Kenyan Kale and Tomatoes (Sukuma Wiki)

Serves     6-8

Ingredients

“Sukuma Wiki” is a Swahili phrase roughly translated as “stretch the week,” meaning that when the larder is low or when meat is scarce, you can always scrounge up some greens and make this simple braise. You’ll often find this paired with “Ugali” or cornmeal mush. Personally, I could eat kale every day of the week, so it is not a “stretch” for me. 😉 I’m glad to have a new recipe to add to my kale repertoire!
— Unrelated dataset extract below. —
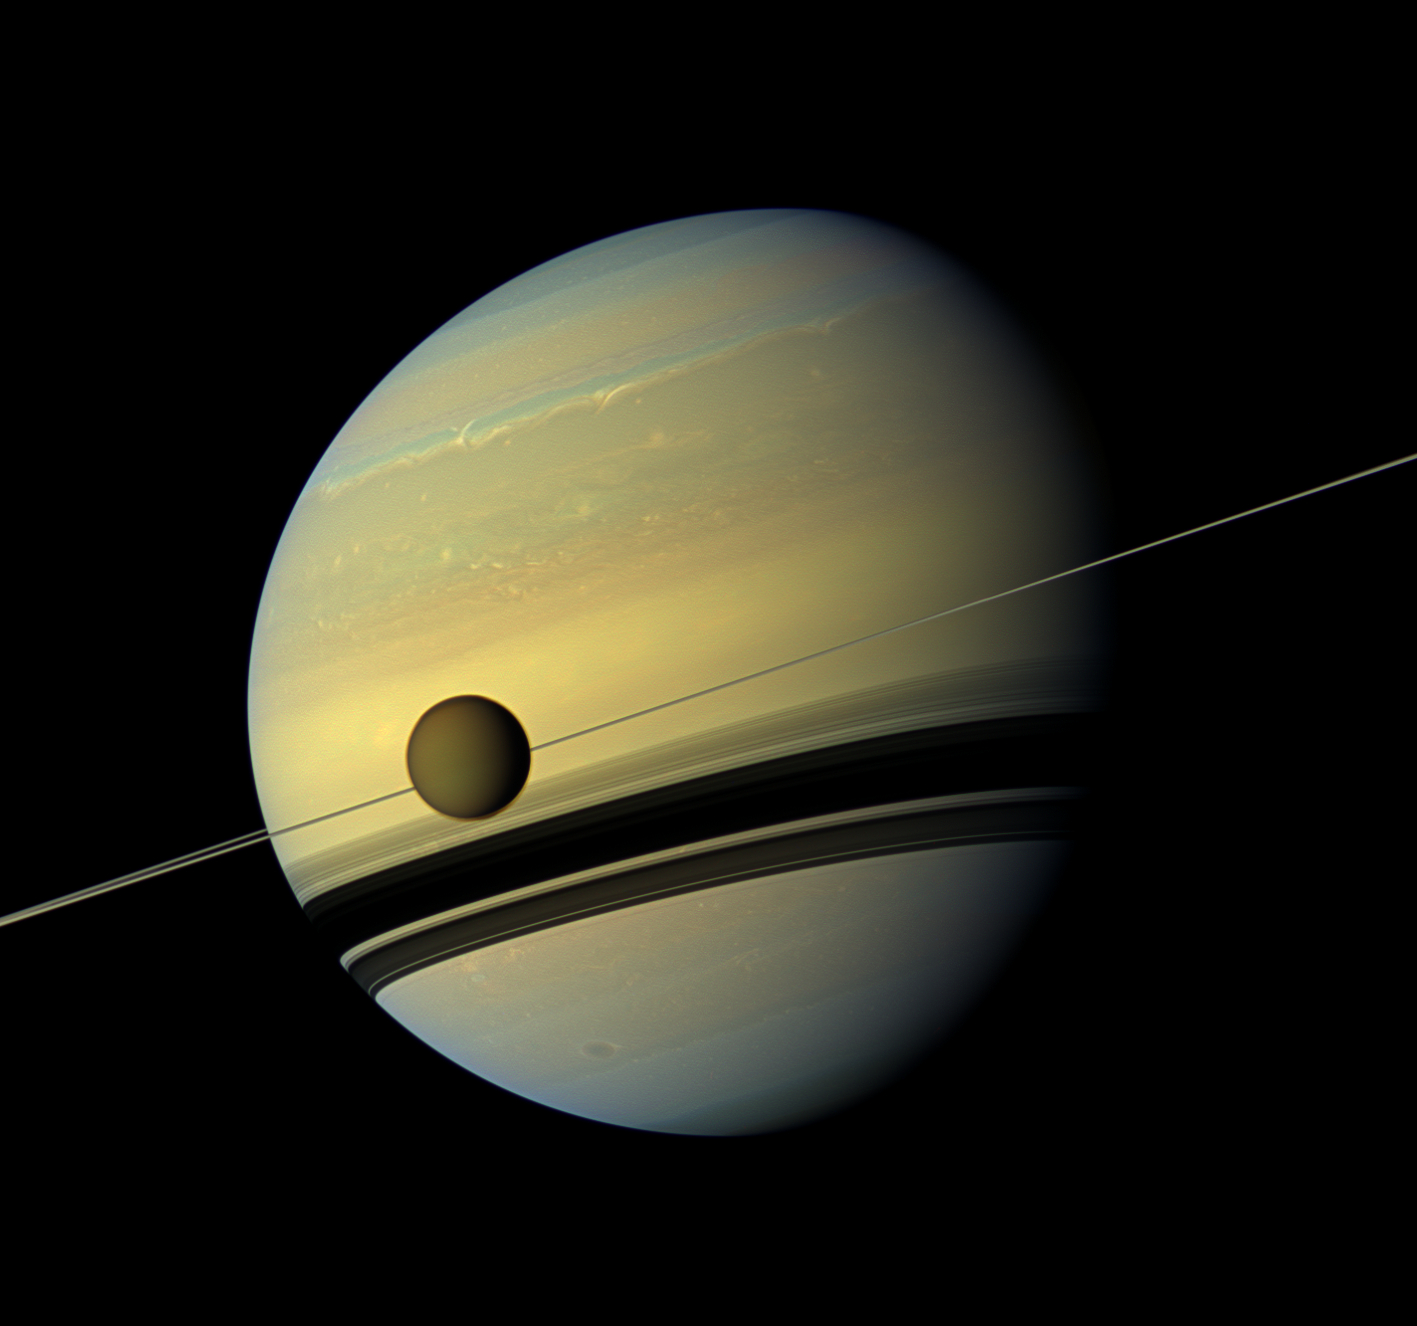 Titã, com 5150 quilómetros de diâmetro, passa à frente de Saturno (2012)

Feel free to use any kind of sturdy green for this dish – kale and collard greens are great, chard too. Spinach might be a bit too delicate. I’ve added the optional peanut butter just for fun. So many African recipes include peanut butter, and I thought it would lend itself very well here with the tomatoes and greens.

 

Ingredients

1 medium onion, chopped, about 2 cups
2 tbsp. oil
1 lb. kale and or collard greens, or a combination, ribs removed and leaves chopped
2 tomatoes, chopped, about 2 cups
3 large cloves garlic, chopped or sliced
1 tsp. cumin seed, or 1 tsp. ground cumin
1 tsp. ground coriander
1 tsp. kosher salt
½ to ¾ cup water
2 tbsp. peanut butter (optional)
lemon wedges (optional)


Directions

Grab a large frying pan and add the oil. Add the onions and garlic after the pan has warmed up, and sauté over medium heat until softened. Add the tomatoes and simmer until they start to break down, just a few minutes, then add the cumin, coriander and salt. Let everything simmer together for one more minute.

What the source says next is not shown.